Most of us understand the basic need to invest our money, to grow a nest egg that will beat inflation in the long-run and provide for us in our retirement. However, before making an investment, we owe it to ourselves to make the right decisions.
This is because 1) we’ve worked really hard for our money, and 2) the investments we make will be going towards an incredibly important purpose – our retirement. The majority of us simply cannot afford to squander our savings.
One of the simplest and quickest ways we can build our investment knowledge is to read personal finance articles (like this one), speak to our family and friends who are already investing and attend finance events to hear from investment professionals share their valuable insights.
One upcoming event you can head down to is the Fixed Income Conference, organised by the Securities Investment Association Singapore (SIAS), and supported by the Singapore Exchange (SGX) and MoneySense, Singapore’s national financial education programme. It will be held on 24 August 2019 (Saturday), from 1.00 pm to 5.30 pm. Admission is free but you will need to pre-register via this link on the SGX academy website.

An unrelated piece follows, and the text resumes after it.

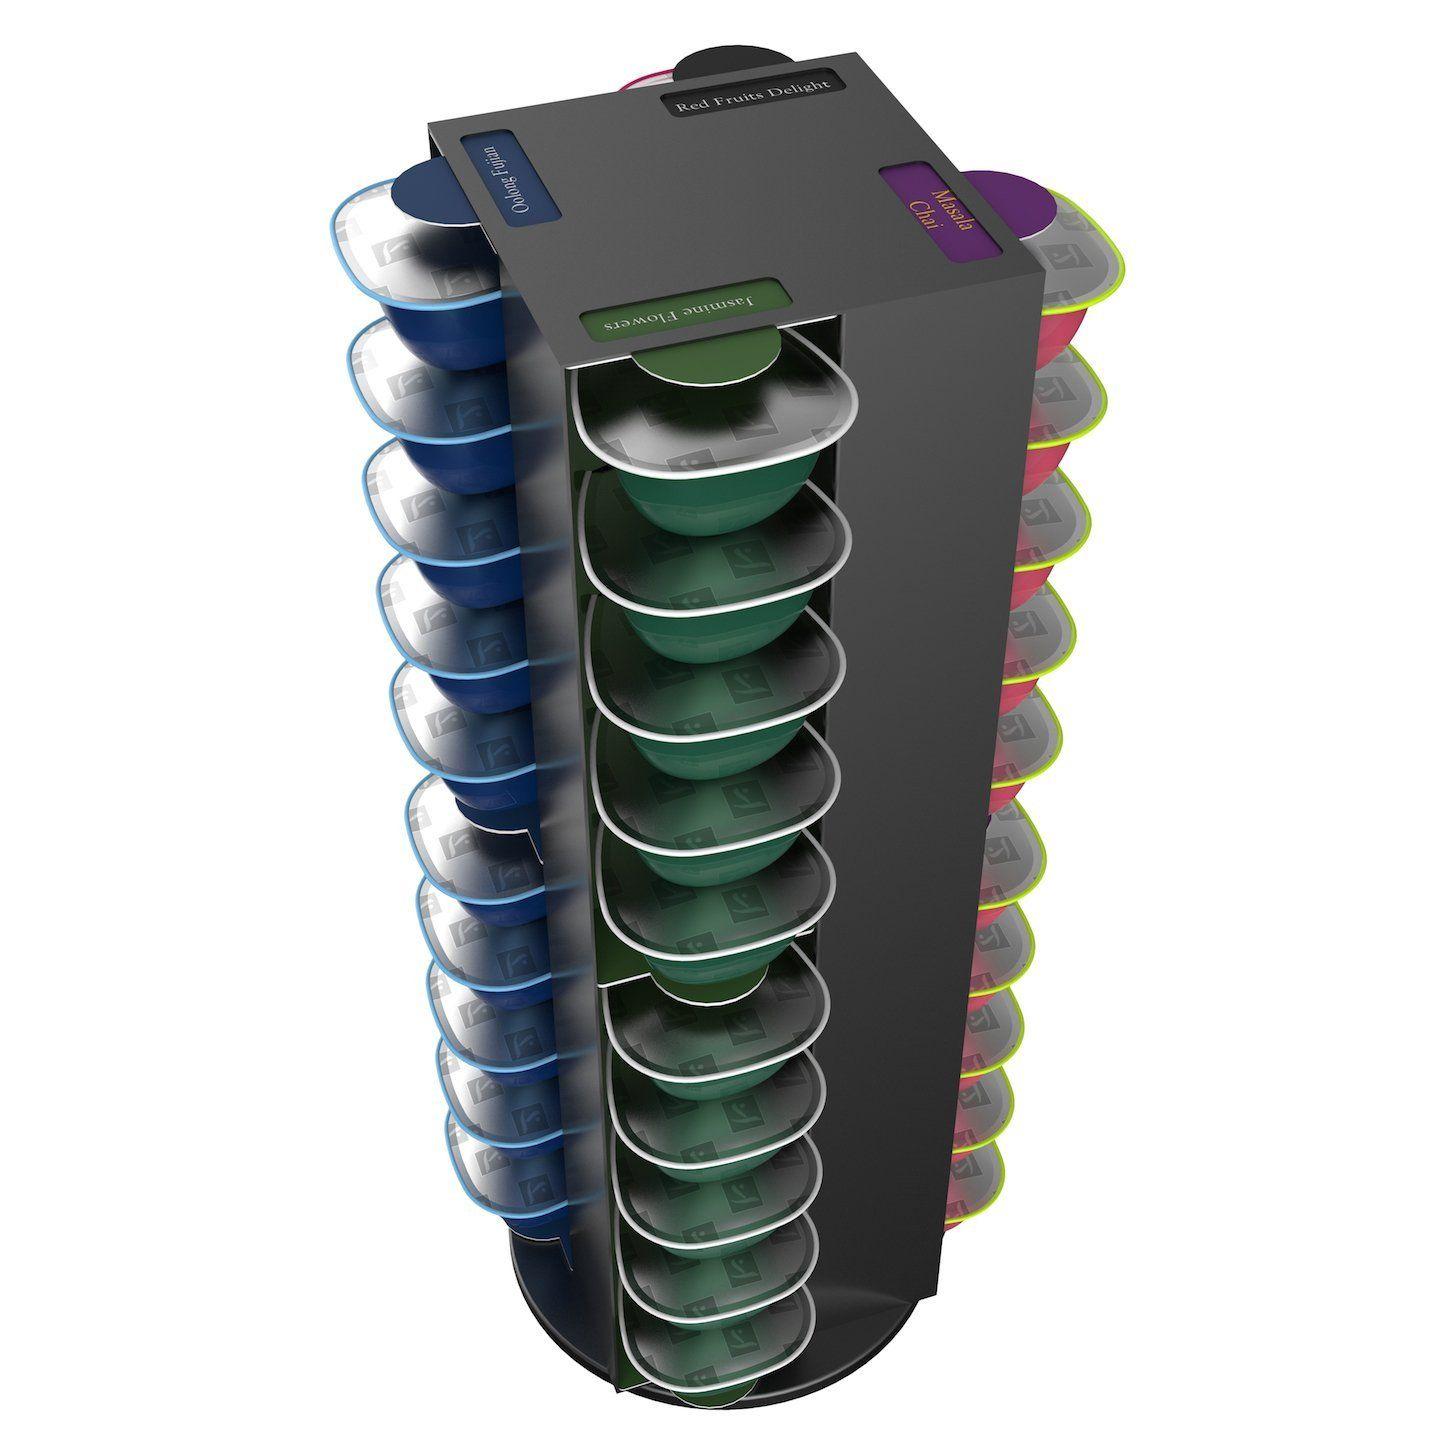 Tavolaswiss 50 Specialt Porte Capsules Special T 40 Amazon Fr Cuisine Maison Special T Capsule Acier Inoxydable

Investing In A Good Company
It would be a huge understatement to suggest that as investors, we naturally want to invest in good companies, and to avoid bad ones.
However, after identifying a good company, we need to ask ourselves why we think that company is good. The answer we get to this question would lead us to the next question – should we invest in the company’s stocks or bonds?
To help answer this question, here are 3 factors we should be considering.
# 1 Building A Well-Balanced Portfolio – With The Right Asset Allocation Strategy
Newer investors may think that a well-balanced portfolio would comprise of a diversified range of stocks. This is to mitigate unsystematic risks, also known as diversifiable risk, where the poor performance of one company, sector or region, adversely affects the entire portfolio.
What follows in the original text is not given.